What is being asked:
Print the lines in the listing below starting at the line with "Education for life" and ending at the line with "друк Символ життя", both included. Reproduce them exactly and omit every picture.

Data for this exercise:

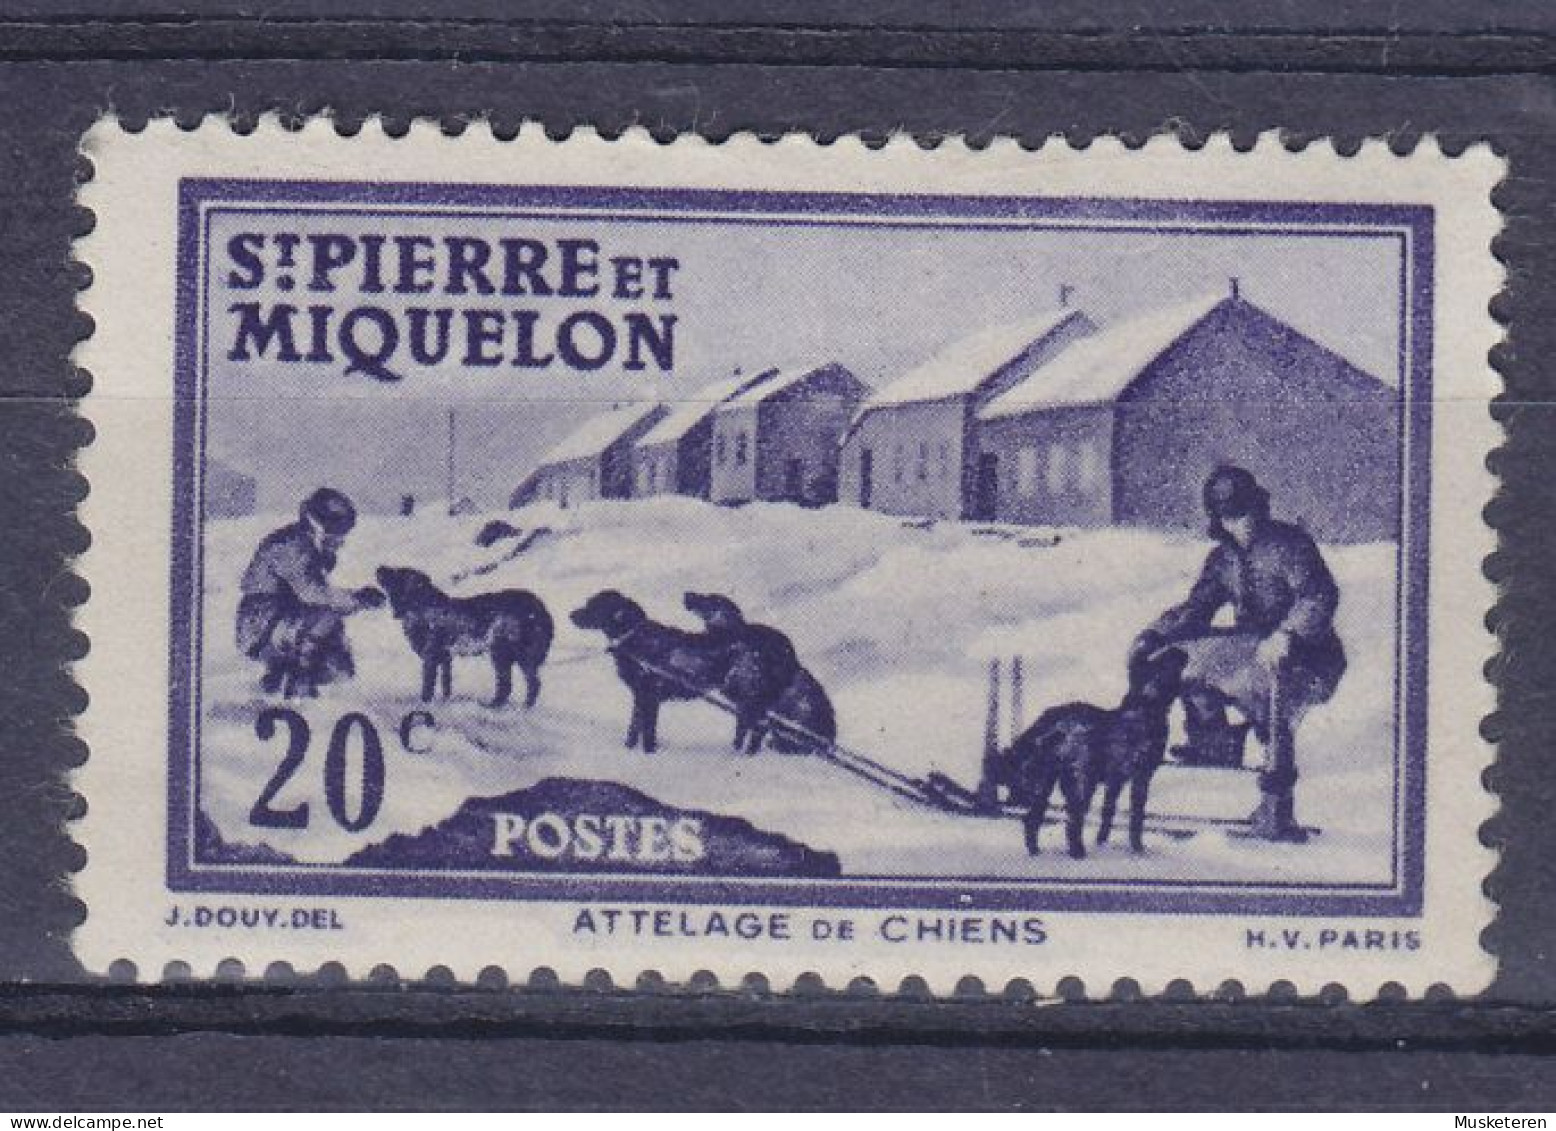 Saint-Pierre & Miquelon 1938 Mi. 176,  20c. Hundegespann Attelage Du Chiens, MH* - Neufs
* * *
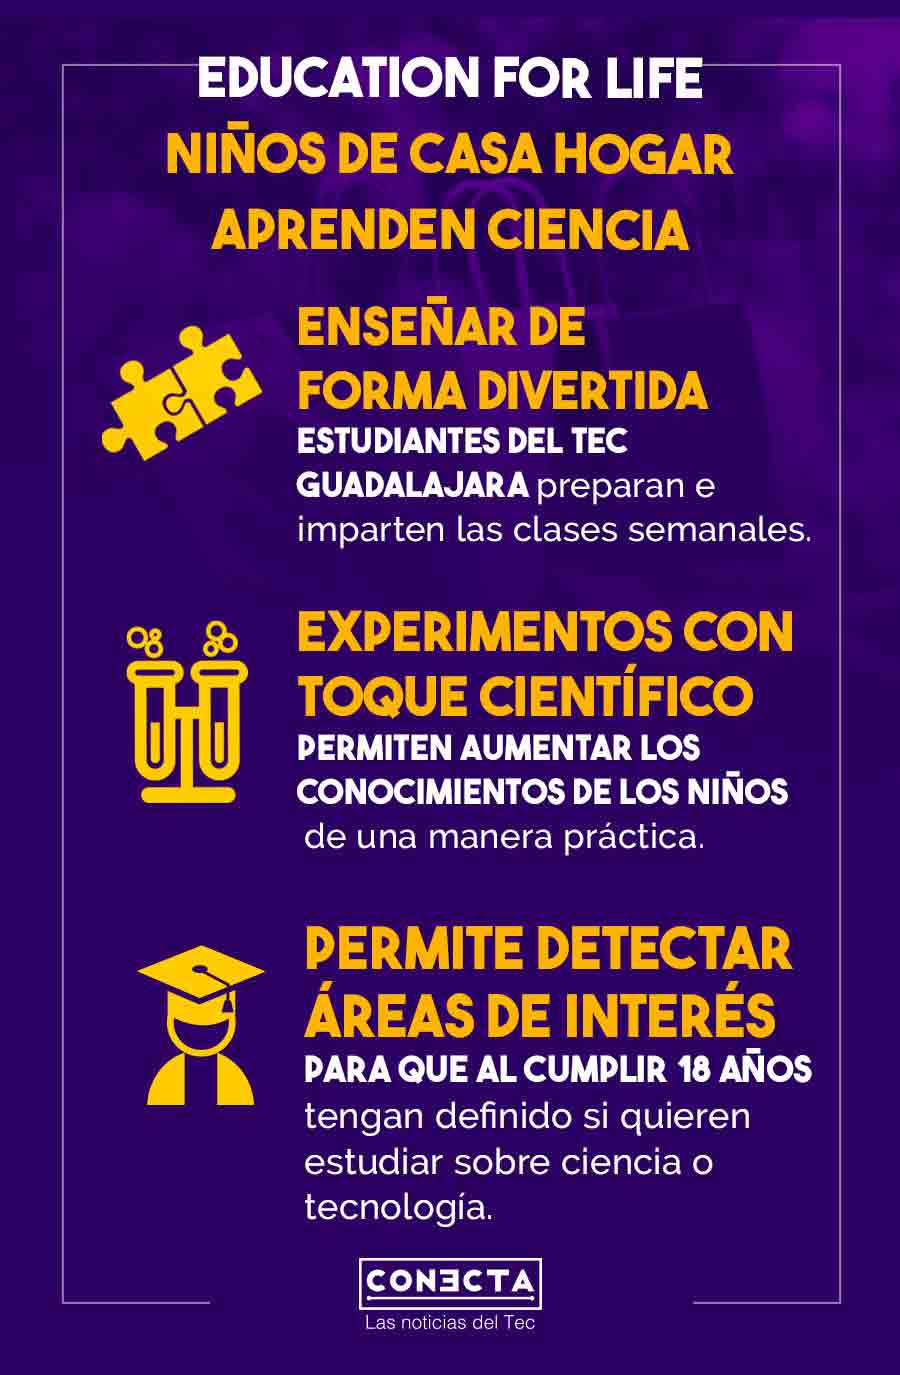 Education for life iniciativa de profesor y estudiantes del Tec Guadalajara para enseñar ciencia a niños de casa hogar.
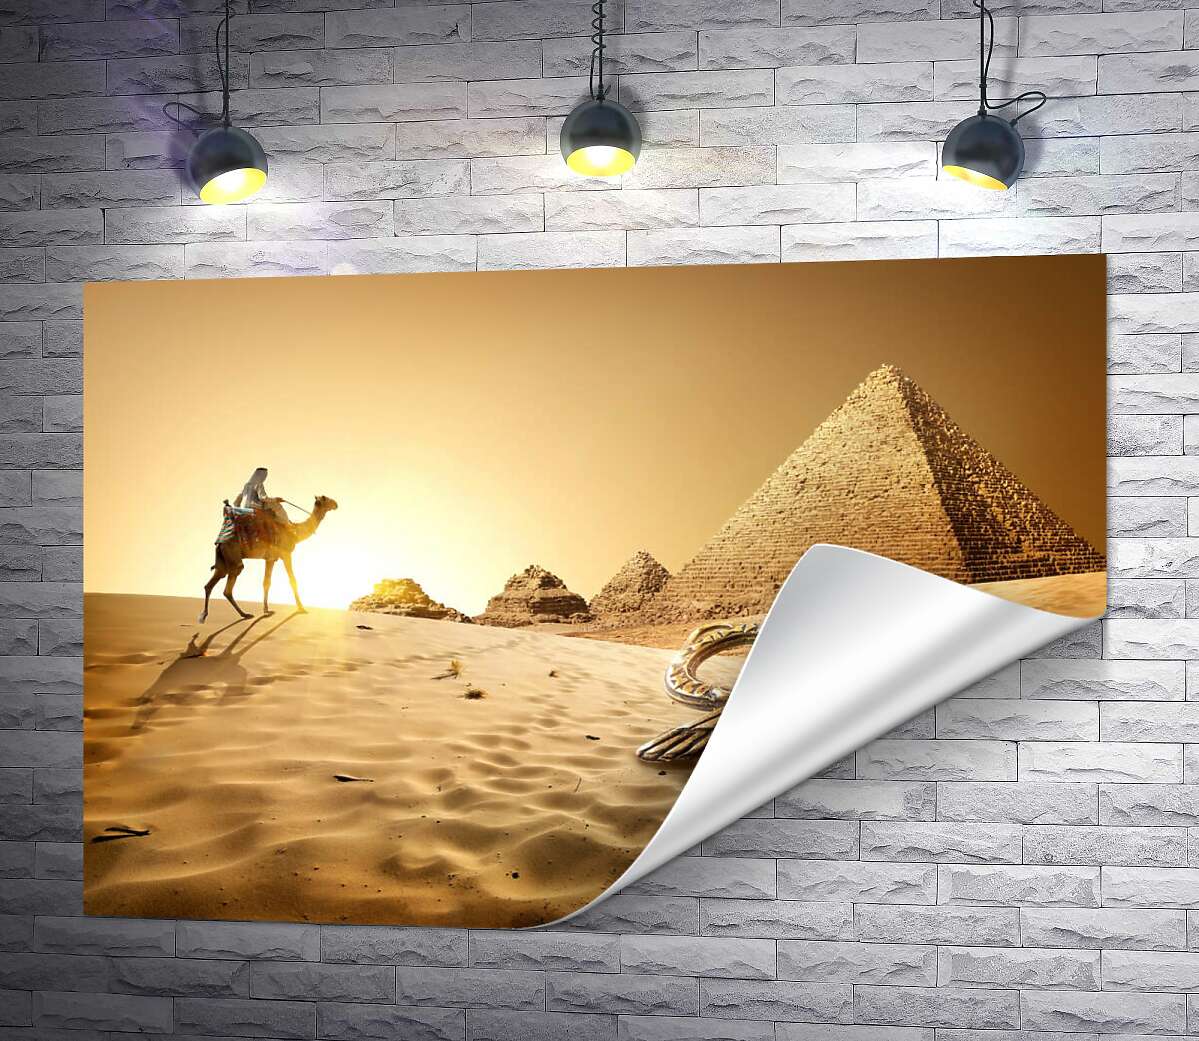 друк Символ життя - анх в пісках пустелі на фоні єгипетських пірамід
...
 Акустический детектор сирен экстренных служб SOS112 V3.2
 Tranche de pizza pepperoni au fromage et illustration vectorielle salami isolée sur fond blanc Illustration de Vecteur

Written answer:
 Education for life iniciativa de profesor y estudiantes del Tec Guadalajara para enseñar ciencia a niños de casa hogar.
 друк Символ життя - анх в пісках пустелі на фоні єгипетських пірамід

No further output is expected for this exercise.